From the plot above, we can see that bulk of the talks have **fewer than 500 comments**. The mean obtained has been heavily influences by outliers.

If the number of views is correlated with the number of comments. We should think that this is the case as more popular videos tend to have more comments. Let's find out.

In [None]:
sns.jointplot(x = 'views', y = 'comments', data = df)

In [None]:
df[['views','comments']].corr()

As the scatterplot and the correlation matrix show, the pearson coefficient is slightly **more than 0.5**. This result was pretty expected.
Let us now check the number of views and comments on the 10 most commented TED Talks of all the time. 

In [None]:
df[['title', 'main_speaker', 'views', 'comments']].sort_values('comments', ascending = False).head(10)

As can be seen above, Richard Dawkins' talk on **Militant Atheism'** generated the greatest amount of discussion and opinions despite having significantly lesser views than Ken Robinson's talk, which is second in the list.

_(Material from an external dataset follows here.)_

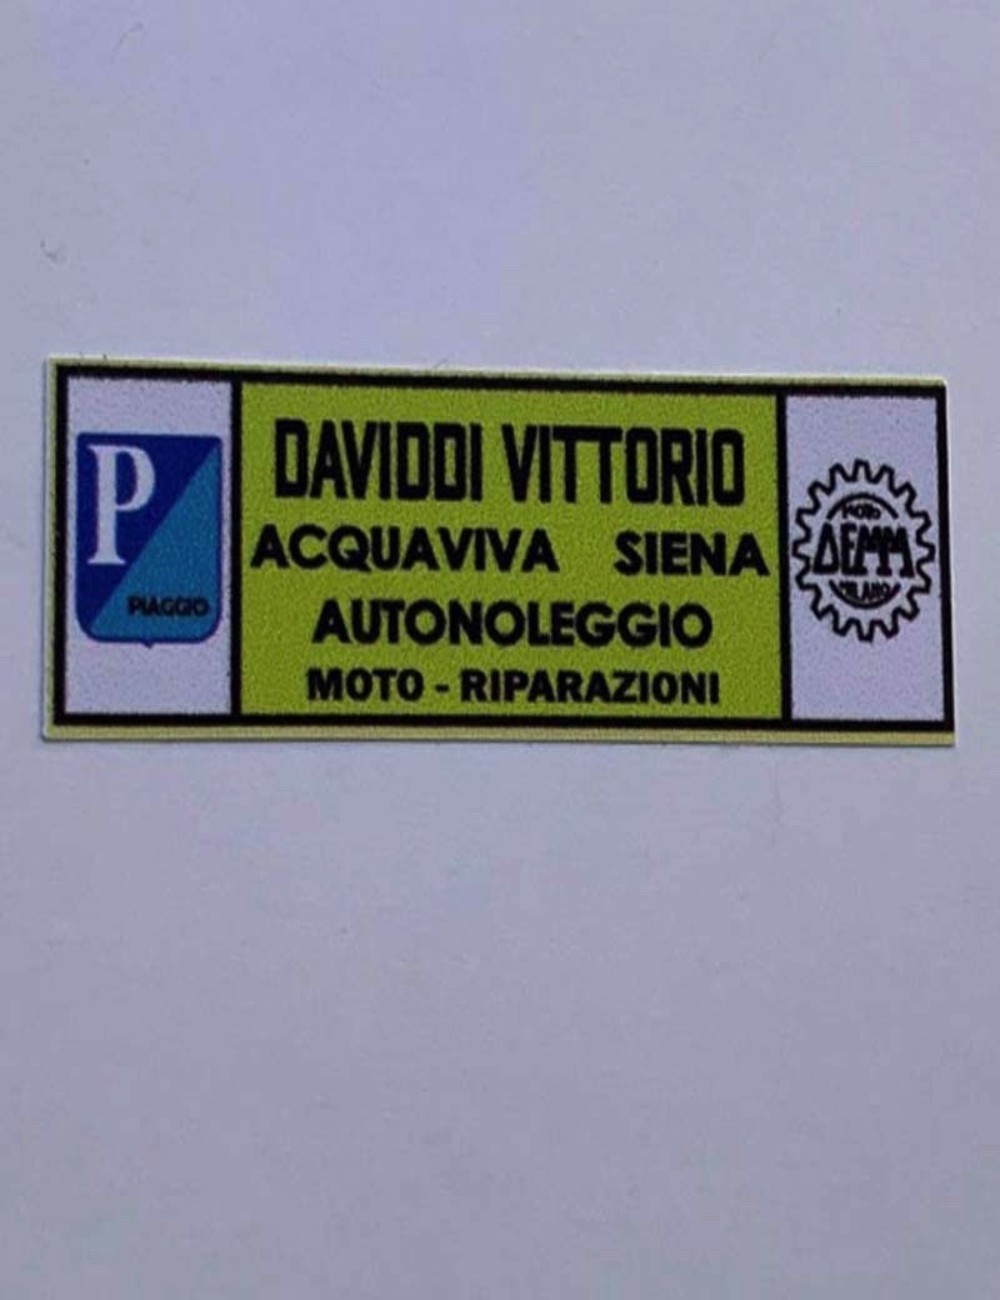 Adesivo concessionario Daviddi Vittorio. Dimensioni: 5,3 cm x 5 cm.

we will define a new feature discussion quotient which is simply the ratio of the number of comments to the number of views. We will then check which talks have the largest discussion quotient.

In [None]:
df['discussion_quo'] = df['comments']/df['views']

In [None]:
df[['title', 'main_speaker', 'views', 'comments', 'discussion_quo', 'film_date']].sort_values('discussion_quo', ascending = False).head(10)

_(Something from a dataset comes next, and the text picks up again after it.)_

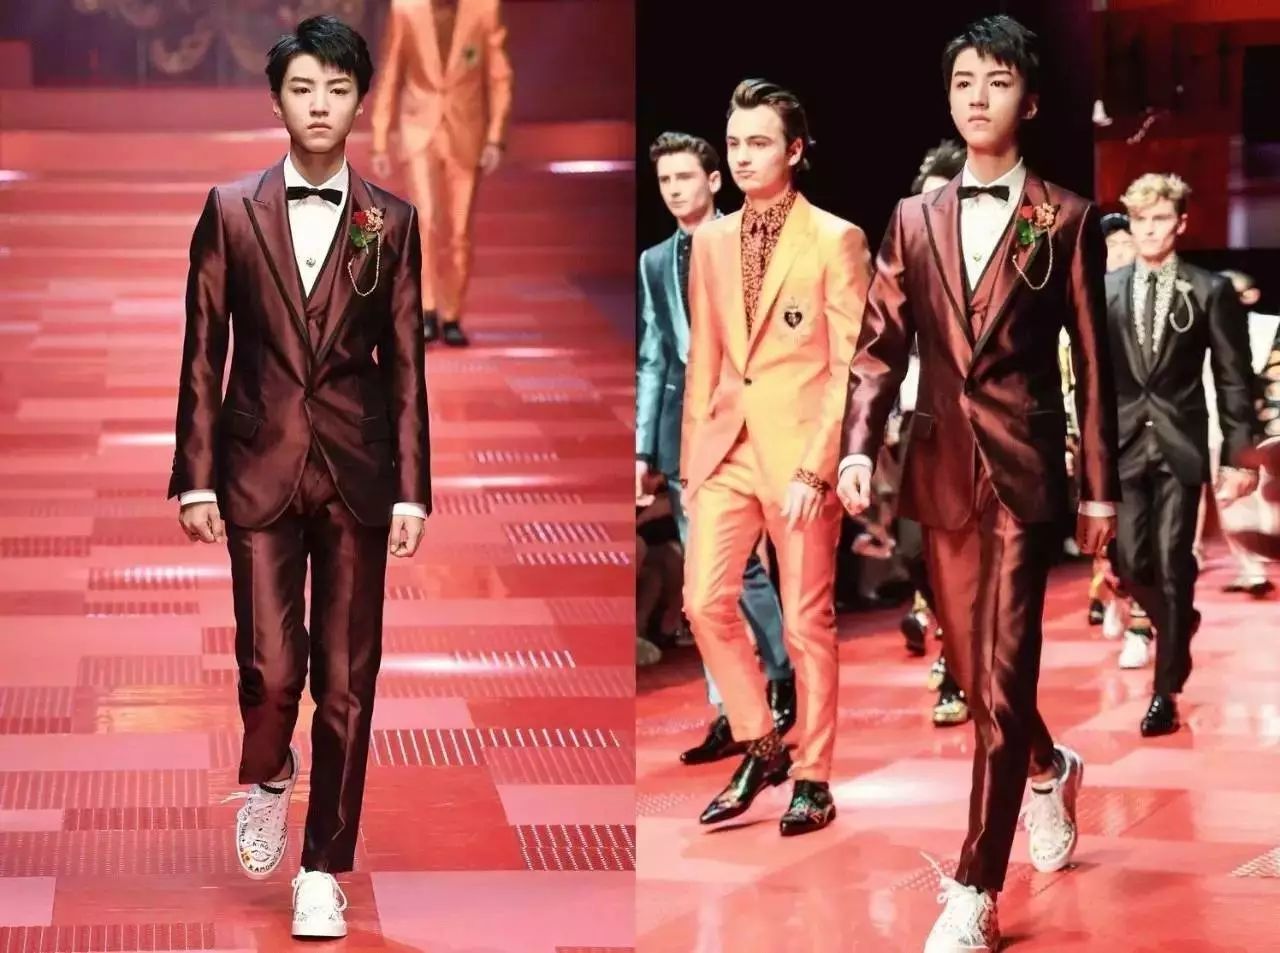 王俊凯米兰走秀创造历史,然而外国时尚专家却表示……

The most discuss talk is **The case for same sex marriage**.

### Analysing TED Talks by the month and the year.

In [None]:
df['month'] = df['film_date'].apply(lambda x: sorted(x.split('-'))[0])

In [None]:
month_df = pd.DataFrame(df['month'].value_counts()).reset_index()
month_df.columns = ['month', 'talks']

In [None]:
plt.title('Talks Per Month', fontsize = 20)
s = sns.barplot(x='month', y='talks', data = month_df)
s.set(xlabel = 'Months', ylabel = 'Number of talks')

**February** is the most popular month for TED confrences whereas **August** and **December** are the least popular. February's popularity is largely due to the fact that the official TED Conferences are held in February. Let us check the distribution for TEDx talks only.